The move was the first in a series of similar citizenship revocations.

Abdulghani al-Khanjar, a leading Bahraini political activist whose nationality was stripped by the government, said that the authorities have used citizenship revocation as a “tool to terrorise activists and their families and deny them of their political and civic rights”.

Bahrain was the first Gulf Arab state to have experienced significant unrest during the 2011 Arab Spring. The Bahraini government, which has faced protracted unrest among the country’s Shia community, said at the time that the move targeted men who had damaged its national security.

Bahraini human rights activist Hussain Abdulla, who moderated the discussion, was among the group of men whose citizenship was revoked in 2012.

Other prominent names included London-based dissidents Saeed al-Shehabi and Ali Mushaima – the son of jailed opposition leader Hassan Mushaima – and two former parliamentarians from the leading Shia party al-Wefaq, Jawad and Jalal Fairooz, according to reports at the time.

Abdulla, who is also the executive director of the ADHRB, said hundreds of Bahrainis have since been stripped of their nationality, adding that unlike himself – a dual United States national at the time – most of them were left stateless.

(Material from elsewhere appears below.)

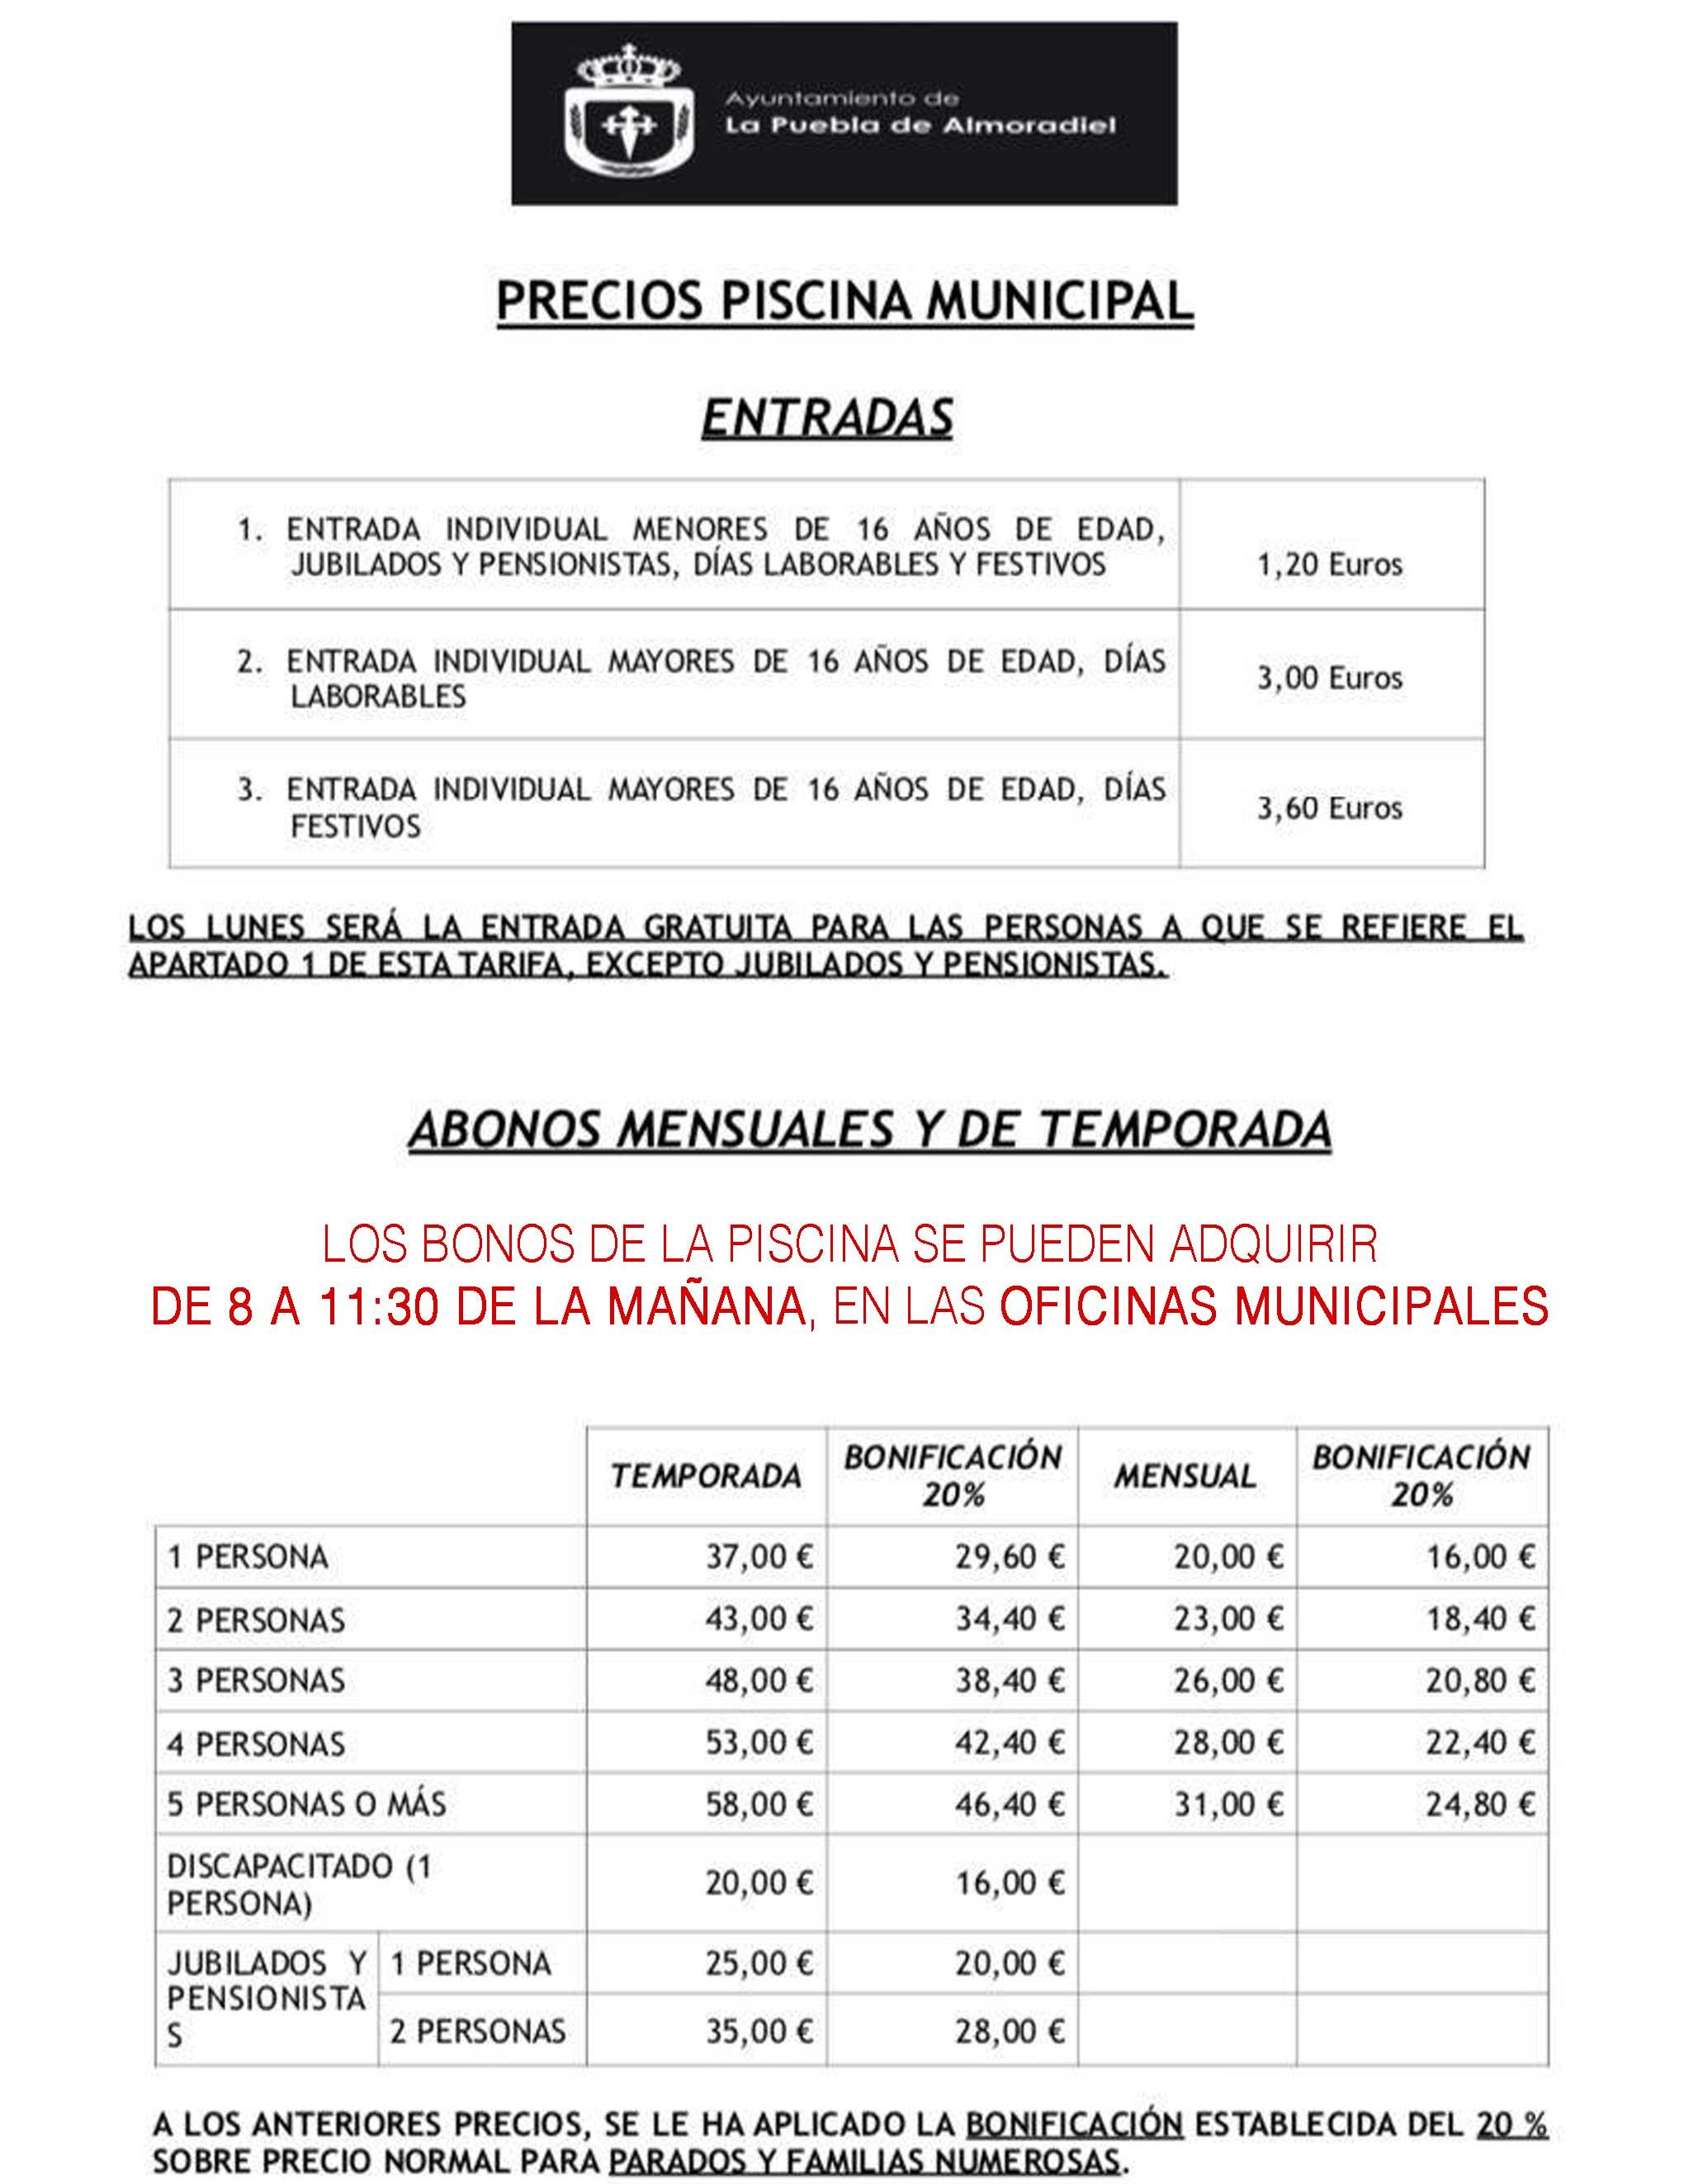 Informacion Sobre Precios De La Piscina Municipal Ayuntamiento De
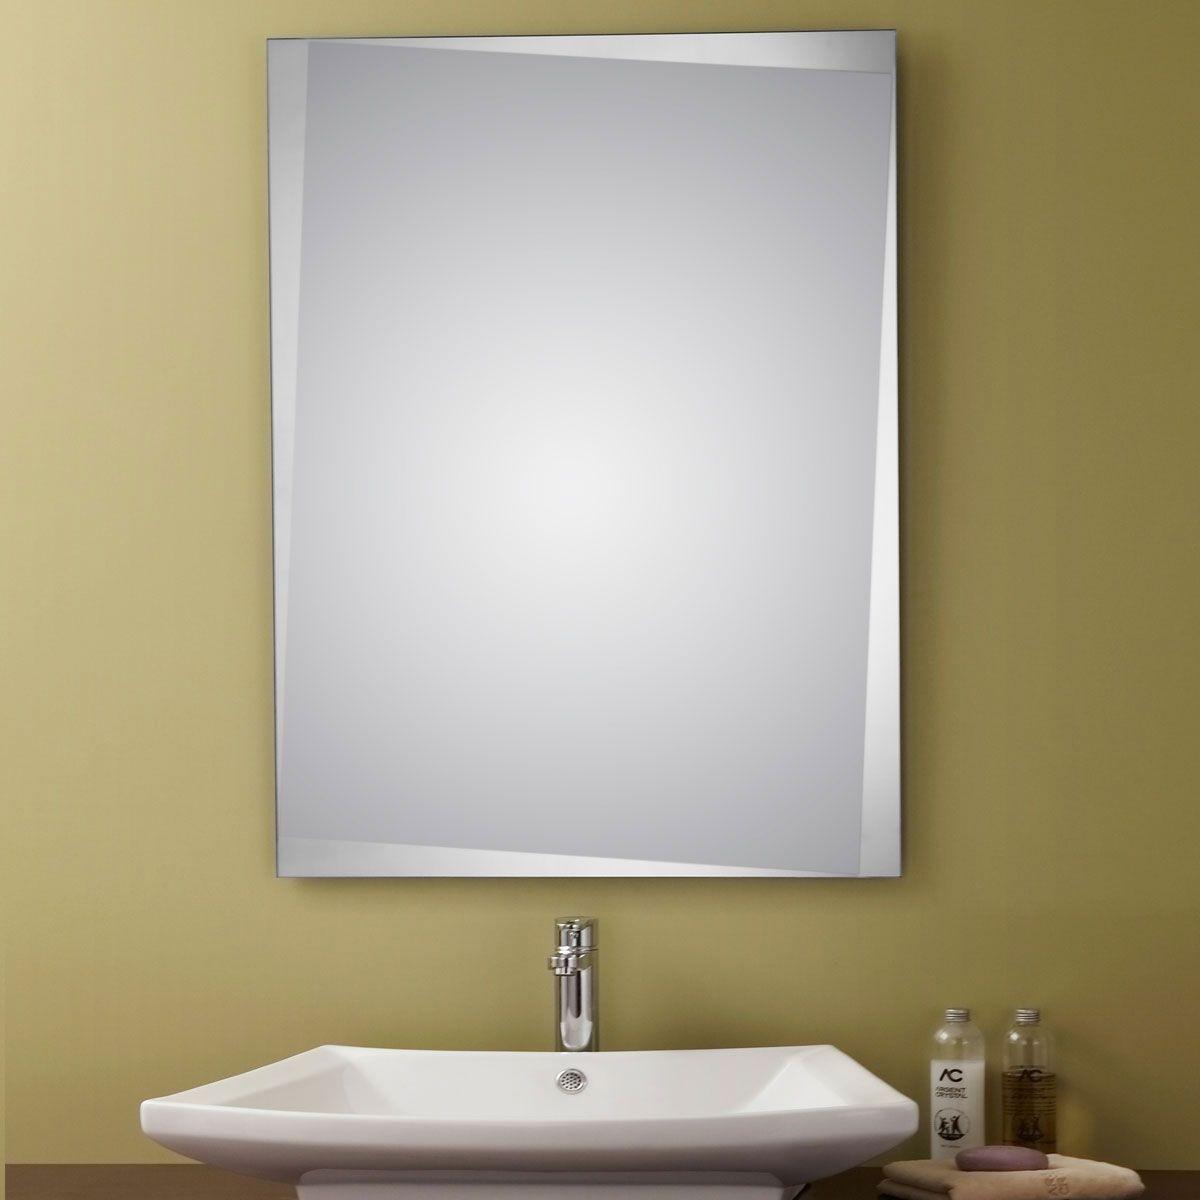 24 x 32 po miroir argent sans cadre de salle de bains for Miroir 50x70 sans cadre

Bahrain protestAnti-government protesters waving Bahraini flags attending a rally organised by Bahrain”s main oppostion society Al Wefaq, in Budaiya, west in 2013 [File: Hamad Mohammed/Reuters]

‘Sectarian tool’

Al-Khanjar, who was arrested in 2010 along with other activists, said he was tortured in prison for six months before being released and going into hiding for two years. He eventually fled to Tehran and has since been given a 30-year prison sentence in absentia.

Al-Khanjar added that Bahrain’s Sunni ruling family has used citizenship revocation as a “sectarian tool” against the country’s majority Shia population, and as a means to crack down on dissent and the opposition more generally.

The government has denied that it represses the opposition or targets the Shia community, justifying its moves as a means to protect national security against alleged “terrorist” groups backed by Iran.

Since protests erupted in the kingdom in 2011, the Bahraini government has prosecuted hundreds of political and human rights activists and journalists in mass trials, banned opposition groups and revoked the citizenship of about 1,000 nationals, according to human rights organisations and activists.

Many of those stripped of their nationality were given back their citizenship under an amnesty in 2019.

According to al-Khanjar, about 400 activists remain stripped of their citizenship.

“The Al-Khalifas [Bahrain’s ruling family] think that citizenship is a privilege they can take away from people,” he said, calling on the new administration of United States President-elect Joe Biden to pressure the Gulf state into changing its approach.

Bahrain protestsA small group of men marching in support of political prisoners in Manama, Bahrain [File: Hasan Jamali/AP]

‘Silencing the opposition’

Also speaking at the virtual event, Zahra Albarazi, an independent consultant on statelessness, said that citizenship revocation was being used by states, including Bahrain, as “a political tool” – in violation of international law, as it left people stateless.

“There are very strict conditions [under international law] when it comes to stripping people of their citizenship – especially if it will leave them stateless, which is the situation with the majority of the cases [in Bahrain],” said Albarazi.

“It is a very easy method to silence the opposition. If you are trying to delegitimise a group of people’s voices, taking away their citizenship, take away their right to speak about national issues.

“It silences opposition, because they know the consequences of becoming stateless and being left completely without any rights,” she said.

Courtney Radsch, advocacy director at the Committee to Protect Journalists, said the practice was also used to suppress freedom of expression and freedom of the press with the Bahraini government targeting many journalists and bloggers.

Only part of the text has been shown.